Metadata-Version: 2.1
Name: nlptasks
Version: 0.2.6
Summary: Boilerplate code to wrap different libs for NLP tasks.
Home-page: http://github.com/ulf1/nlptasks
Author: Ulf Hamster
Author-email: 554c46@gmail.com
License: MIT
Description: # nlptasks
        A collection of boilerplate code for different NLP tasks with standardised input/output data types so that it becomes easier to combine NLP tasks with different libraries/models under the hood.
        
        - [Sentence Boundary Disambiguation (SBD)](#sentence-boundary-disambiguation)
        - [Word Tokenization](#word-tokenization)
        - [Lemmatization](#lemmatization)
        - [PoS-Tagging](#pos-tagging)
        - [Named Entity Recognition (NER)](#named-entity-recognition)

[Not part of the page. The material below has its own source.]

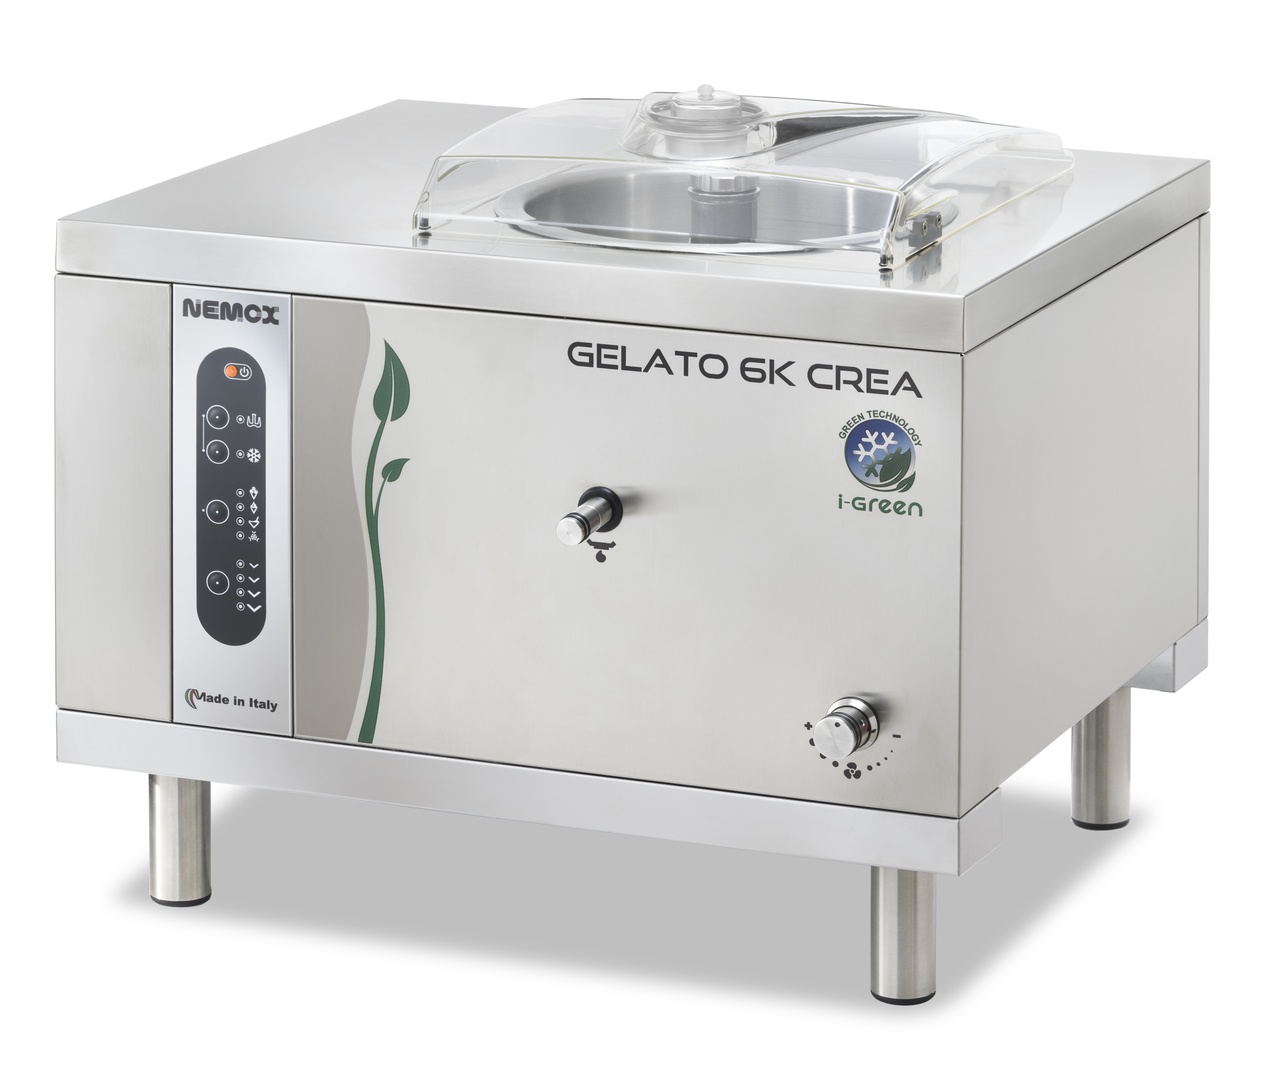 Первое дополнительное изображение для товара Профессиональный фризер для мороженого Nemox Gelato 6K Crea i-Green (чаша 5л)

        - [Dependency Relations](#dependency-relations)
        
        
        ## Installation
        The `nlptasks` package is available on the [PyPi server](https://pypi.org/project/nlptasks/)
        
        ```sh
        pip install nlptasks>=0.2.1
        ```
        
        ## Sentence Boundary Disambiguation
        **Input:**
        
        - A list of M **documents** as string (data type: `List[str]`)
        
        **Output:**
        
        - A list of K **sentences** as string (data type: `List[str]`)
        
        
        **Usage:**
        
        ```py
        from nlptasks.sbd import sbd_factory
        docs = [
            "Die Kuh ist bunt. Die Bäuerin mäht die Wiese.", 
            "Ein anderes Dokument: Ganz super! Oder nicht?"]
        my_sbd_fn = sbd_factory(name="somajo")
        sents = my_sbd_fn(docs)
        print(sents)
        ```
        
        Example output:
        
        ```
        [
            'Die Kuh ist bunt.', 
            'Die Bäuerin mäht die Wiese.', 
            'Ein anderes Dokument: Ganz super!', 
            'Oder nicht?'
        ]
        ```
        
        
        **Algorithms:**
        
        | Factory `name` | Package | Algorithm | Notes |
        |:------:|:-------:|:---------:|:-----:|
        | `'spacy-de'` | `de_core_news_lg-2.3.0` | Rule-based tokenization followed by Dependency Parsing for SBD | |
        | `'stanza-de'` | `stanza==1.1.*`, `de` | Char-based Bi-LSTM + 1D-CNN Dependency Parser for Tokenization, MWT and SBD | [Qi et. al. (2018)](https://nlp.stanford.edu/pubs/qi2018universal.pdf), [GitHub](https://github.com/stanfordnlp/stanza/tree/master/stanza/models) |
        | `'nltk-punkt-de'` | `nltk==3.5`, `german` | Punkt Tokenizer, rule-based | [Kiss and Strunk (2006)](https://www.aclweb.org/anthology/J06-4003.pdf), [Source Code](https://www.nltk.org/_modules/nltk/tokenize/punkt.html) |
        | `'somajo-de'` | `SoMaJo==2.1.1`, `de_CMC` | rule-based | [Proisl and Uhrig (2016)](http://aclweb.org/anthology/W16-2607), [GitHub](https://github.com/tsproisl/SoMaJo) |
        | `'spacy-rule-de'` | `spacy==2.3.0` | rule-based | [Sentencizer class](https://spacy.io/api/sentencizer) |
        
        
        Notes:
        
        - Dependency parser based SBDs (e.g. `'spacy'`, `'stanza'`) are more suitable for documents with typos (e.g. `','` instead of `'.'`, `' .'` instead of `'. '`) or missing punctuation.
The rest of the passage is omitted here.